Страница 18 из 143
И не о чем было говорить, кроме близких и хорошо знакомых, будничных дел.
Женщины вынесли на улицу домашнее: косые взгляды, ехидные улыбки, и многое давнее, полузабытое, снова начинало тлеть и куриться, ежеминутно вспыхивая то там, то тут злыми огоньками.
— Нет, матушка моя, не-ет! Ты мне за это ответишь!
Говорили о трёх кочнах пластовой капусты, украденных с погреба, о том, что Ванька Хряпов не хочет жениться на Лизе Матушкиной и что казначей исхлестал дочь плетью.
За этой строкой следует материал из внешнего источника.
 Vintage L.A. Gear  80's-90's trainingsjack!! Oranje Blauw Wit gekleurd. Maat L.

Незаметно избили Минакова, он шёл по улице, упираясь в заборы руками, плевался кровью, всхлипывал и ныл:
— Господи-и! За что-о?
Свистя и взвизгивая, носился по городу ветер, раздувал шум и, охлаждая сбитых в толпу возбуждённых людей, вытеснял их с улицы в дома и трактиры.
Гулко шумели деревья, зловеще выли и лаяли обеспокоенные собаки.
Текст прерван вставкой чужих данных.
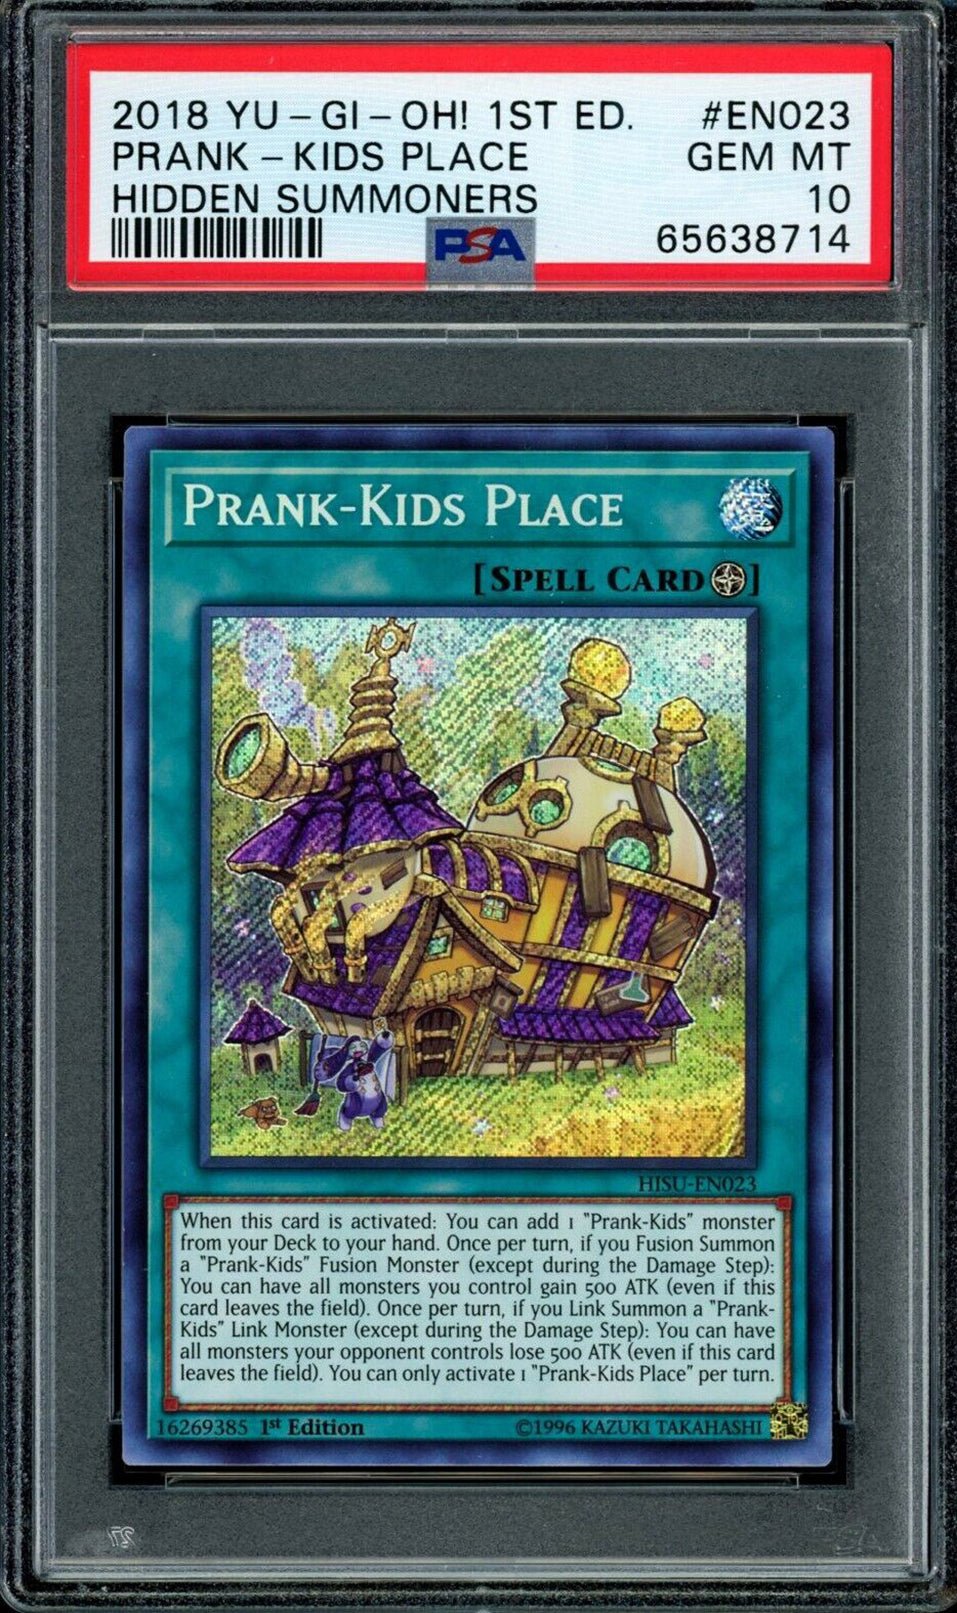 PRANK-KIDS PLACE HISU-EN023 Secret Rare PSA 10 2018 Hidden Summoners 1st Edition C2 Yu-Gi-Oh Base Graded Cards - Hobby Gems

Во тьме, осторожно ощупывая палочкой землю, молча шагал Тиунов, а рядом с ним, скользя и спотыкаясь, шёл Бурмистров, размахивая руками, и орал:
— Много ль ты понимаешь, кривой!
Боясь, что Вавила ударит его, Тиунов покорно ответил:
— Мало я понимаю.
А боец взял его за плечи, с упрёком говоря:
— И никого тебе не жаль — верно?
Кривой промолчал, вглядываясь в огни слободы, тонувшие где-то внизу, во тьме.
— Верно! — твёрже сказал Вавила. — Я — лучше тебя! Мне сегодня всех жалко, всякий житель стал теперь для меня — свой человек! Вот ты говоришь — мещаны, а мне их — жаль! И даже немцев жаль! Что ж немец? И немец не каждый день смеётся. Эх, кривой, одноглазая ты душа! Ты что про людей думаешь, а? Ну, скажи?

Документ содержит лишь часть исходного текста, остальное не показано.